At the age of 22 he accepted the position of first officer on a North Sea supply ship. The extra income allowed him to start looking for a new yacht.

He saw an advert for a 1976 Doug Peterson-designed Contessa 35, built by Jeremy Rogers in Lymington.

Heavily built, with a deep cockpit, manageable sail plan and short distances on deck, it was love at first sight and he bought Tessie on the spot. ‘Then the real fun could start,’ recalled Aanderaa.

In 2006-07 he sailed Tessie solo from Norway to Malaga ‘just to see how the boat and I worked together’.

Erik Aanderaa putting on his lifejacket down below on his Contessa 35

Erik carries enough safety equipment for evacuation and survival until rescue. Credit: Erik Aanderaa

The voyage also cemented his love of winter sailing in heavy weather. ‘Spain was hot. I stop functioning properly in very hot weather and didn’t enjoy it. I missed the cold North Sea weather, so I turned around and headed back to Norway,’ explained the adrenaline junkie.

‘I’ve always dreamt about winter sailing in the North Sea. Everyone said it was dangerous and that only stupid people would try it. I was told I would put the lives of rescue crews at risk. But I knew this was coming from people without proper experience.’

Aanderaa continued sailing Tessie off the west coast of Norway, developing his heavy weather tactics.

It wasn’t all plain sailing.

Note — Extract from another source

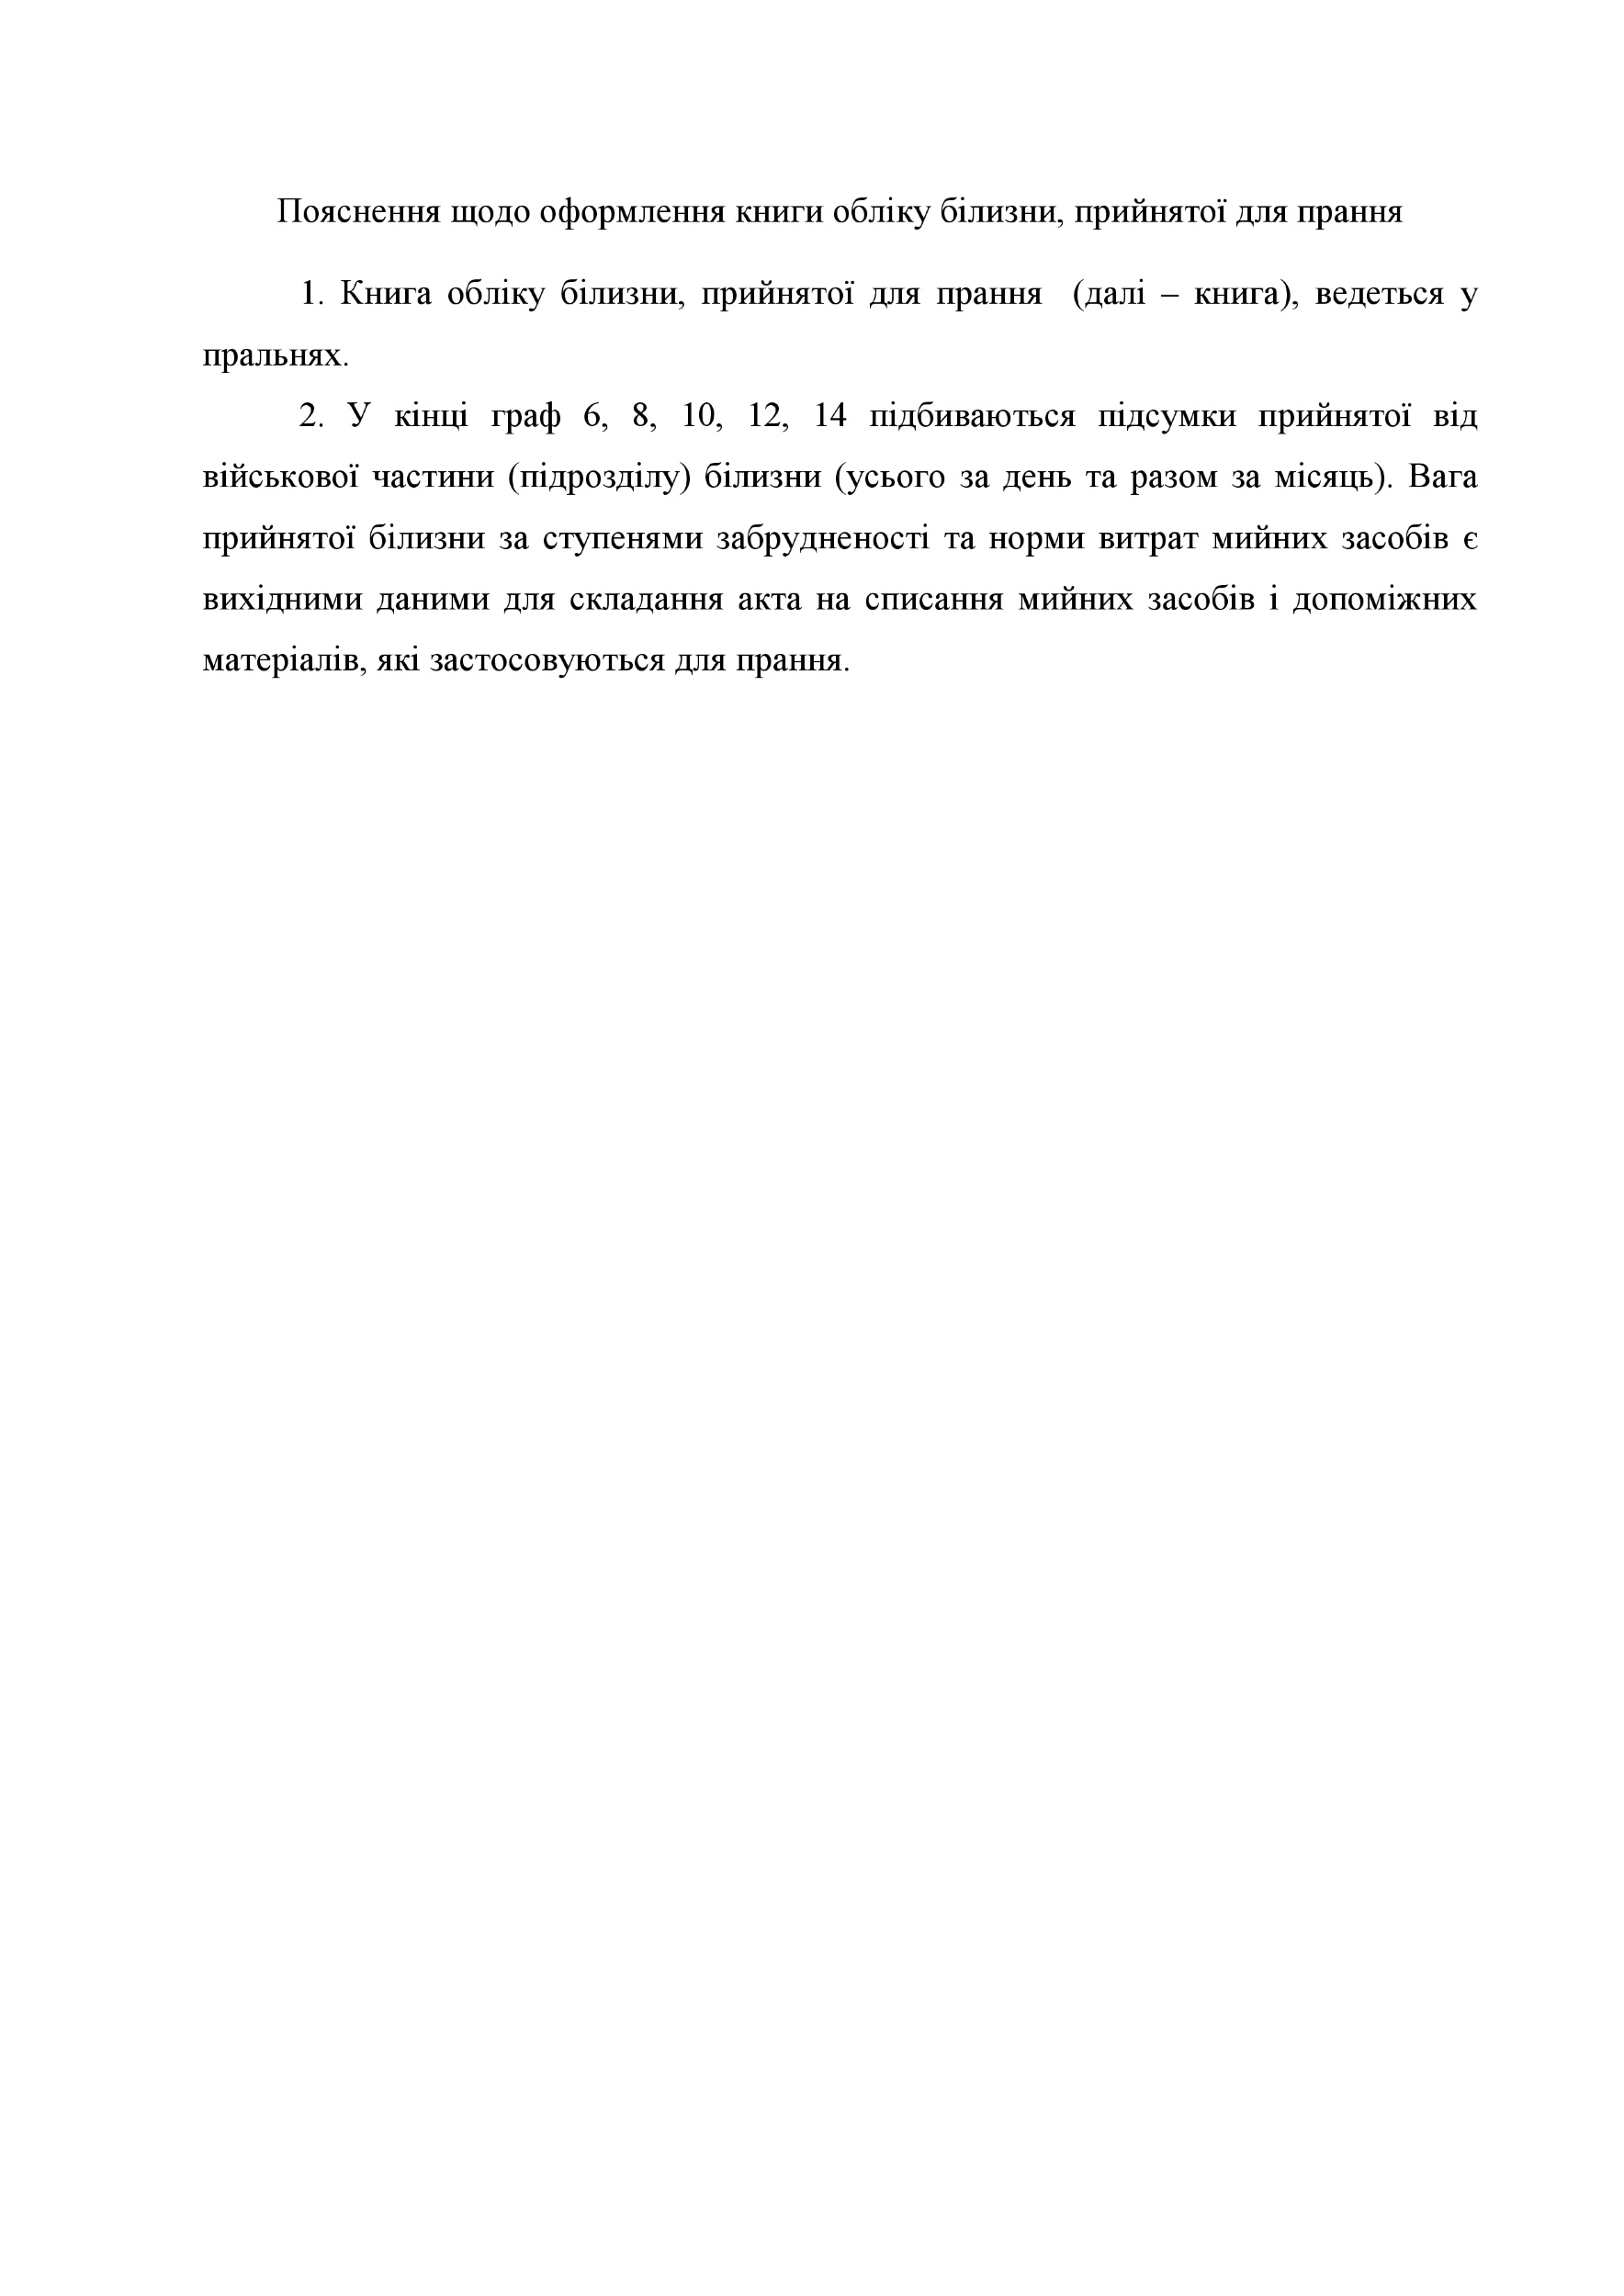 Книга обліку білизни прийнятої для прання, додаток 97. Автор — Міністерство оборони України. 
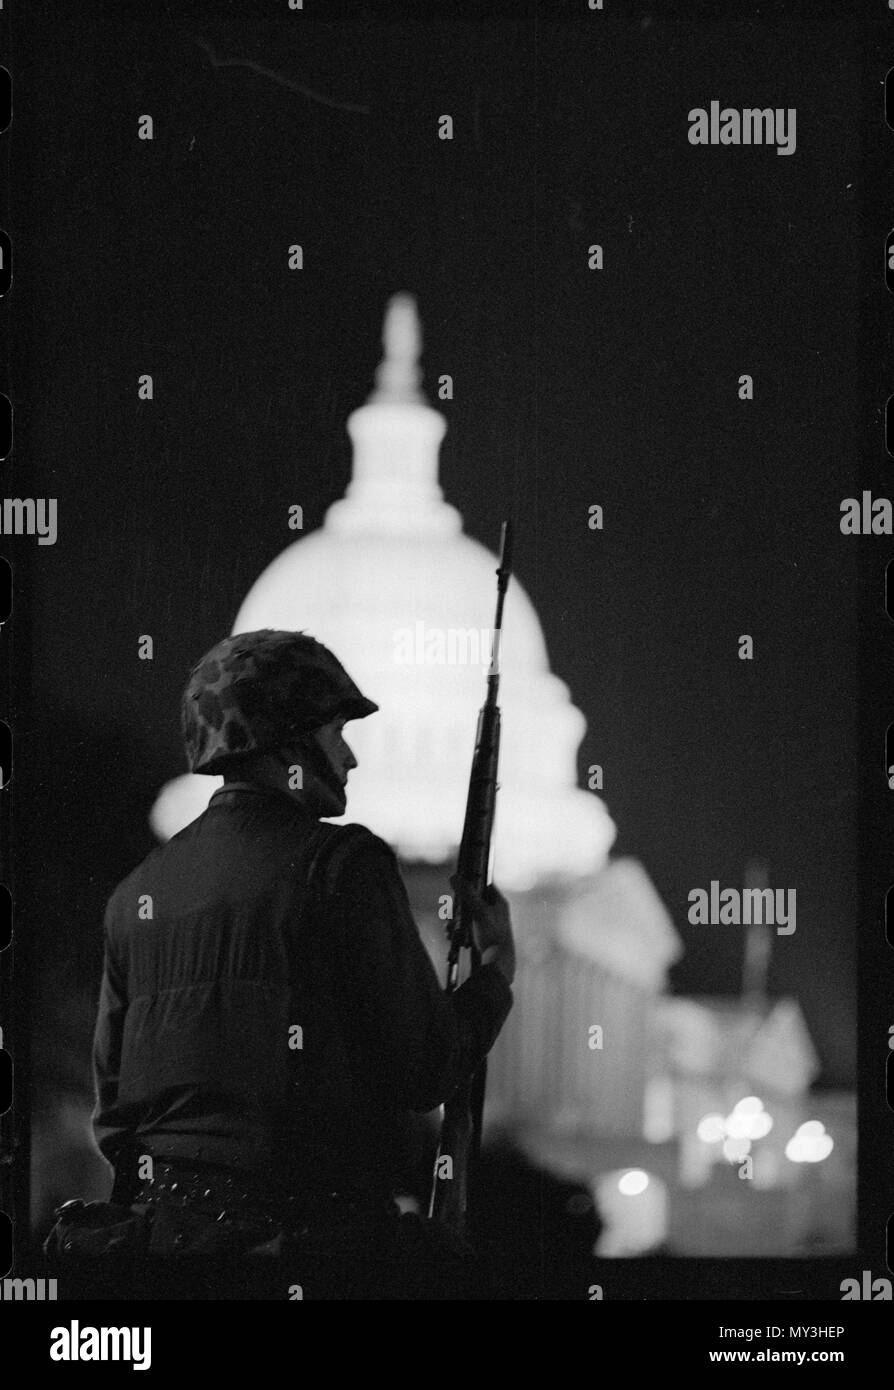 Couvre-feu à l'extérieur du soldat applique U S Capitol après des émeutes à la suite de Dr Martin Luther King, Jr, l'assassinat de Washington, DC, 04/08/1968. Photo par Warren K. Leffler. Banque D'Images

In 2011 he ran aground on rocks outside Haugesund while sailing in sub-zero conditions, severely damaging the rudder. Lessons were learnt though. At the time, he had been wearing cotton gloves which, once wet, failed to keep his hands warm.

‘I lost the feeling in my hands and arms and couldn’t steer properly. I went down to get warm and I ended up in a state of hypothermia and forgot how close to land I was. The next thing I had run aground breaking the rudder to pieces, ending up on a rock out of the water.’

Tessie was pulled off by a rescue boat and, six months later, Aanderaa was sailing again.